### Supplied material

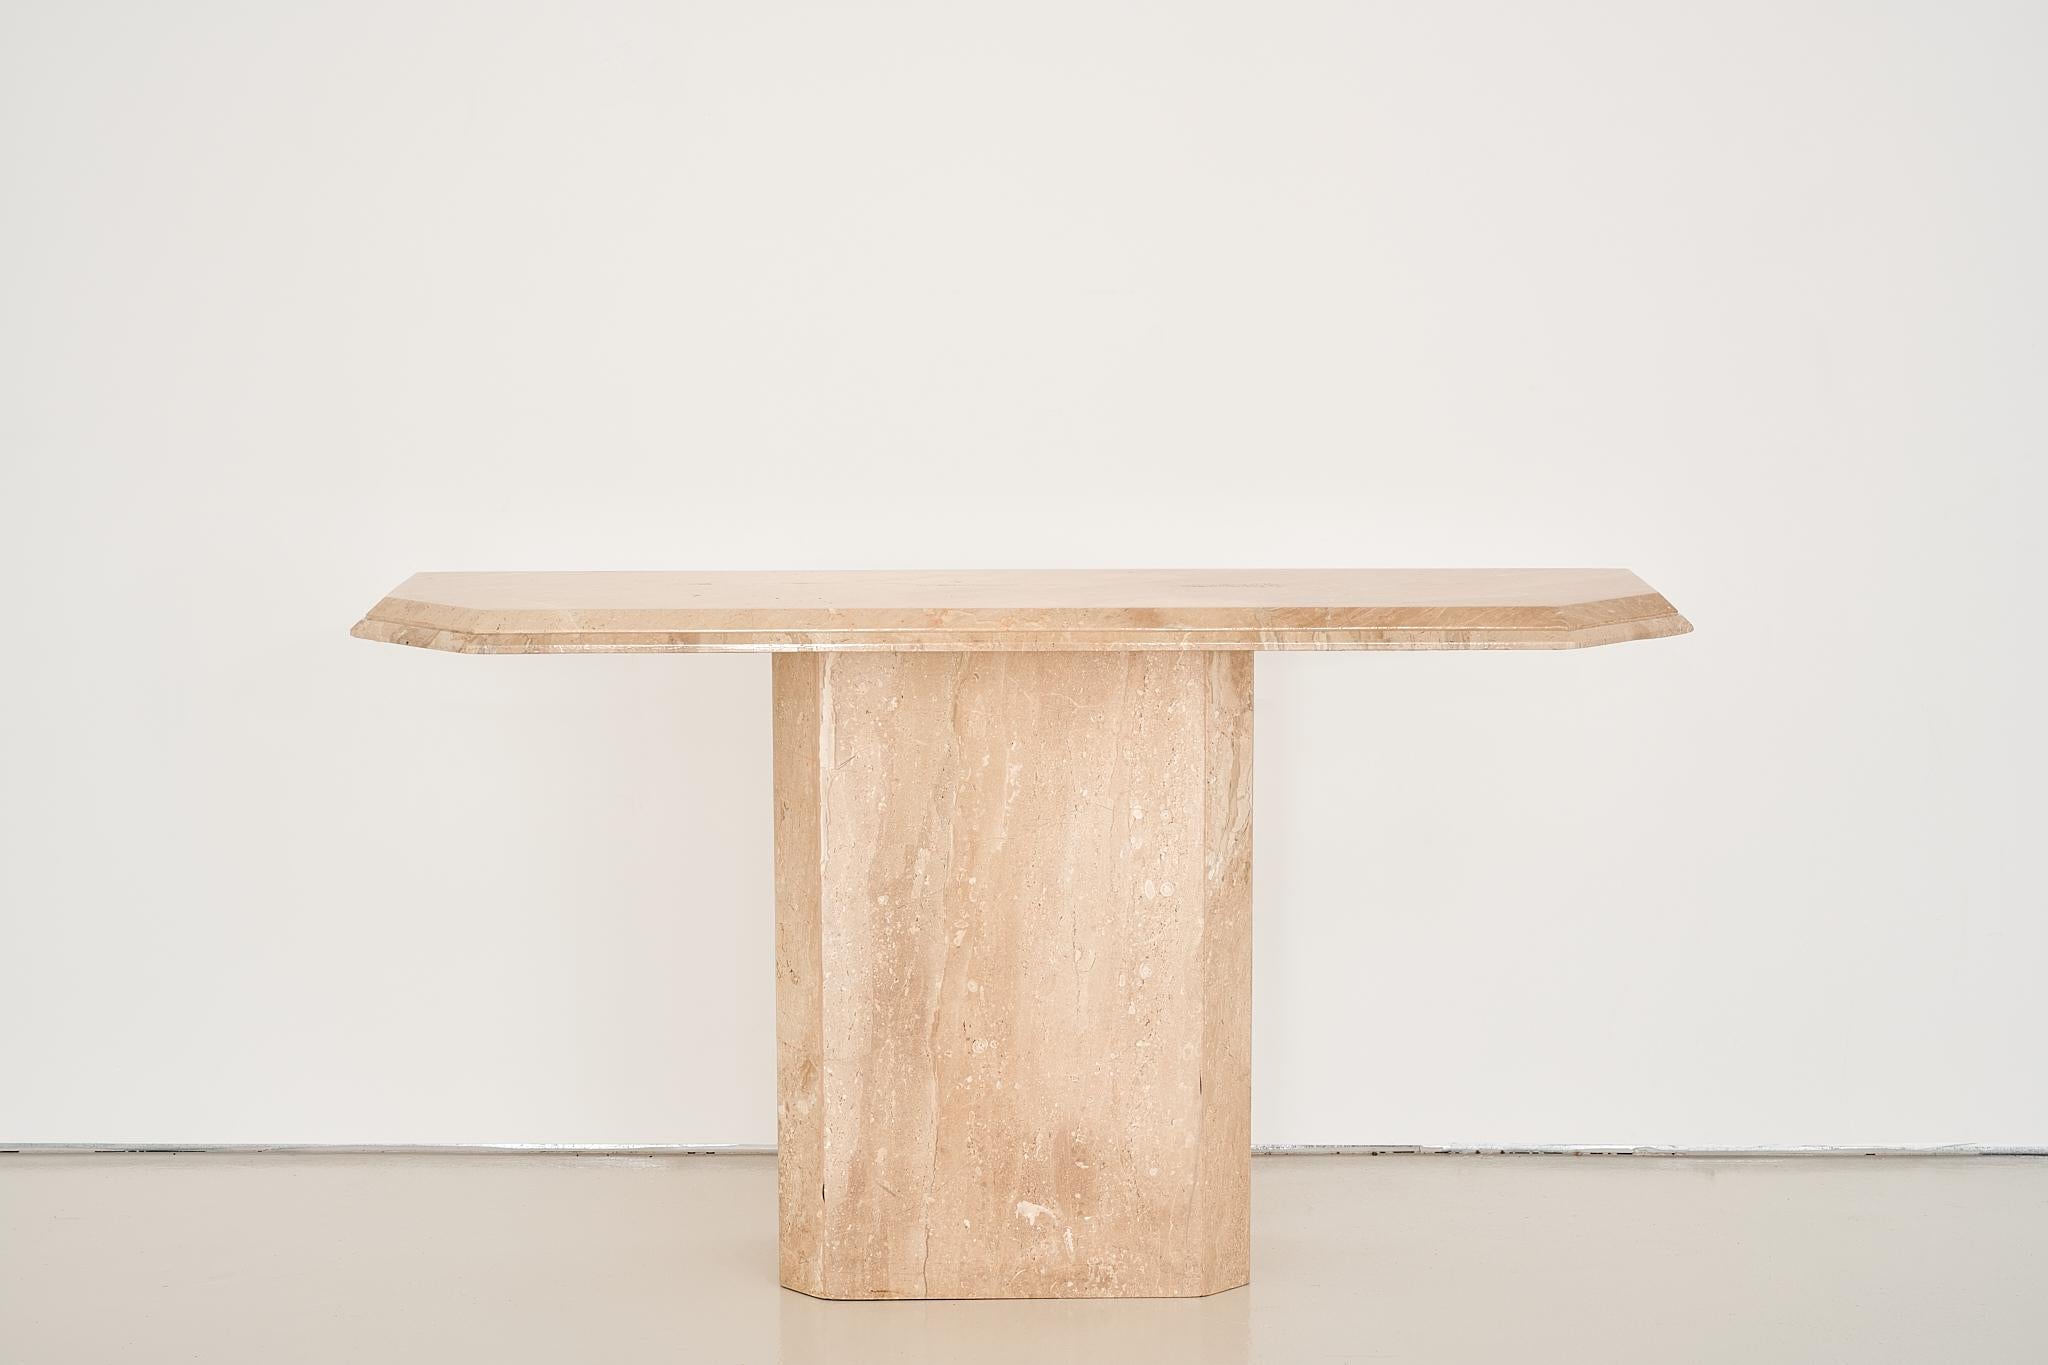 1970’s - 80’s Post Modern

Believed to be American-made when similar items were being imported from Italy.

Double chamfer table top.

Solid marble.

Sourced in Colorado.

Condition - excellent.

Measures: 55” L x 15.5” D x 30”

### Task description
Should the entries hold any pictures, please omit those and print the remaining text exactly.

### The completed task
 1970’s - 80’s Post Modern

Believed to be American-made when similar items were being imported from Italy.

Double chamfer table top.

Solid marble.

Sourced in Colorado.

Condition - excellent.

Measures: 55” L x 15.5” D x 30”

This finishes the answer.